Home > Mobile >  SQL to UNION ALL n times depending on rows of table
SQL to UNION ALL n times depending on rows of table

Time:09-17

I have a table that has quiz entries submitted by users. Each row has: date, id, source and a score.

I want to create a report, per source, that calculates the average score for each day taking into account all users, even the ones that didn't reply on that day by considering their latest response.

Right now I have one query that can simply pull all quiz responses for a given day, source and user - if a user submitted multiple quizzes on the same day the latest one is retrieved:

Query

      select
        id
        score,
        submission_date,
        source
      from
        quiz
      WHERE
        id != ""
      qualify ROW_NUMBER() OVER(PARTITION BY source, submission_date), id ORDER BY submission_date DESC) = 1;

Now, for each row that is returned from the query above I want to UNION ALL with a similar query as above but where the submission_date, instead of being the latest, should be <= the submission_date of the row it is going to 'union' with.

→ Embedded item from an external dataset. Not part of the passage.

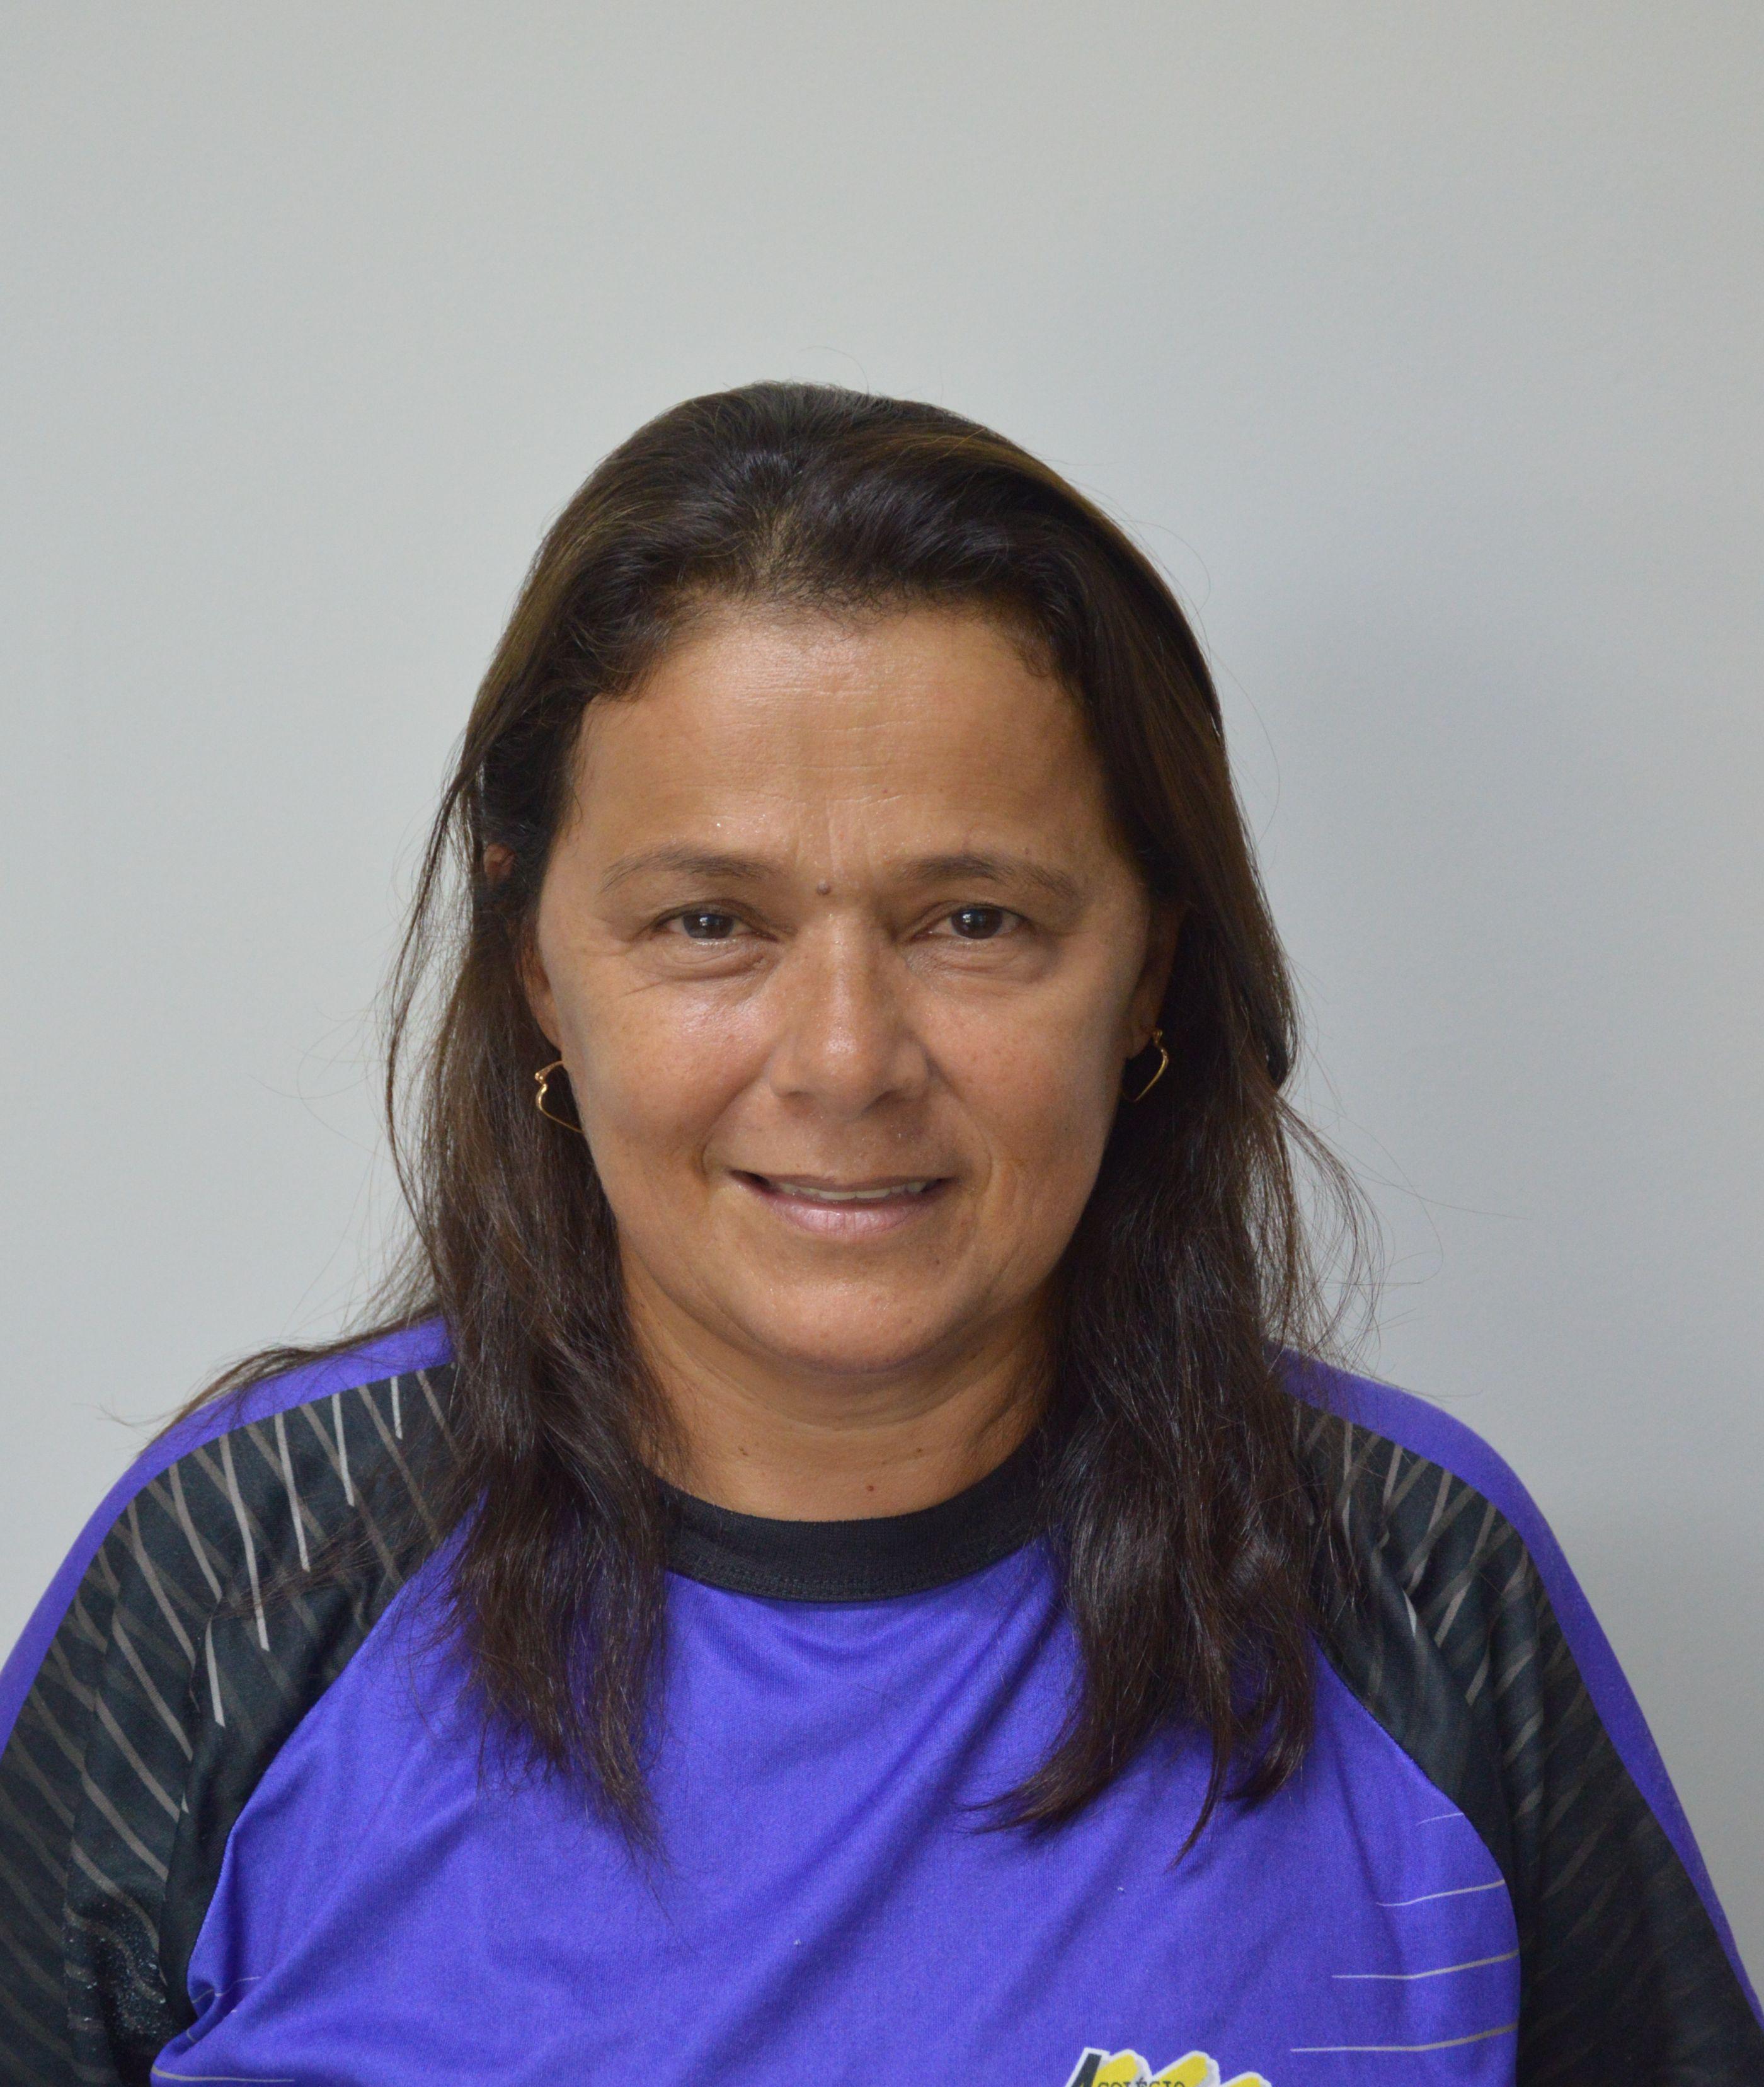 Ana Paula Fontes Andrade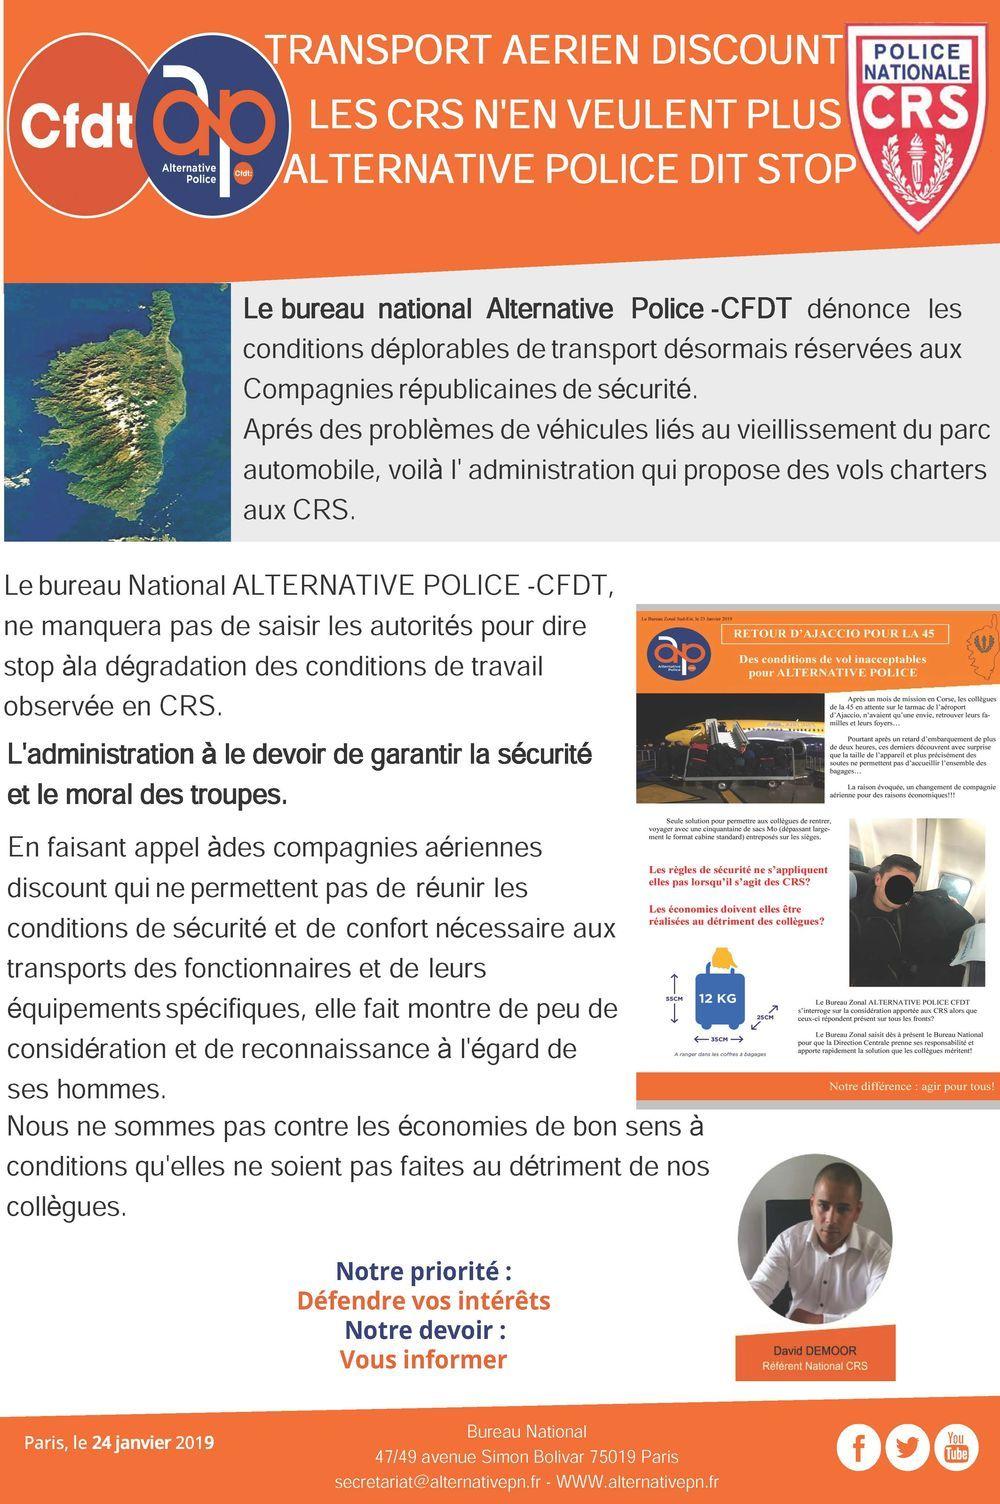 Transport des CRS en Corse

In another words, the query above could return 'n' rows, each row from table A should have UNION ALL 'n' times with a query that will base itself on the row submission date it is going to UNION ALL with:

Table A:
row 1
row 2
row 3
...
row n

Final table:
row 1
(multiple rows from UNION ALL)
row 2
(multiple rows from UNION ALL)
row 3
(multiple rows from UNION ALL)
...
row n
(multiple rows from UNION ALL)

I don't know if UNION ALL is the solution here but this is what I could think of.

Edit

This is the output of the query above that reads from table named quiz:

id score submission_date source
user1 30 2022-09-16 foxmedia
user2 29 2022-09-16 foxmedia
user3 44 2022-09-14 foxmedia
user4 58 2022-09-13 foxmedia
user5 94 2022-09-13 branding
user2 25 2022-09-11 foxmedia
user1 21 2022-09-11 foxmedia
user4 50 2022-09-10 foxmedia
user2 23 2022-09-10 foxmedia
user1 22 2022-09-10 foxmedia
user5 90 2022-09-09 branding

As you can see, on 2022-09-16 user1 and user2 have submitted responses but the average for this day should consider the last response from all other users on foxmedia as if they answered the quiz on that same day, which means including on the average calculation rows from user3 on 2022-09-14 and user4 on 2022-09-13. user5 should not count for the average as the source is not branding but foxmedia which should have a separate average, which in this case would only include data from user5.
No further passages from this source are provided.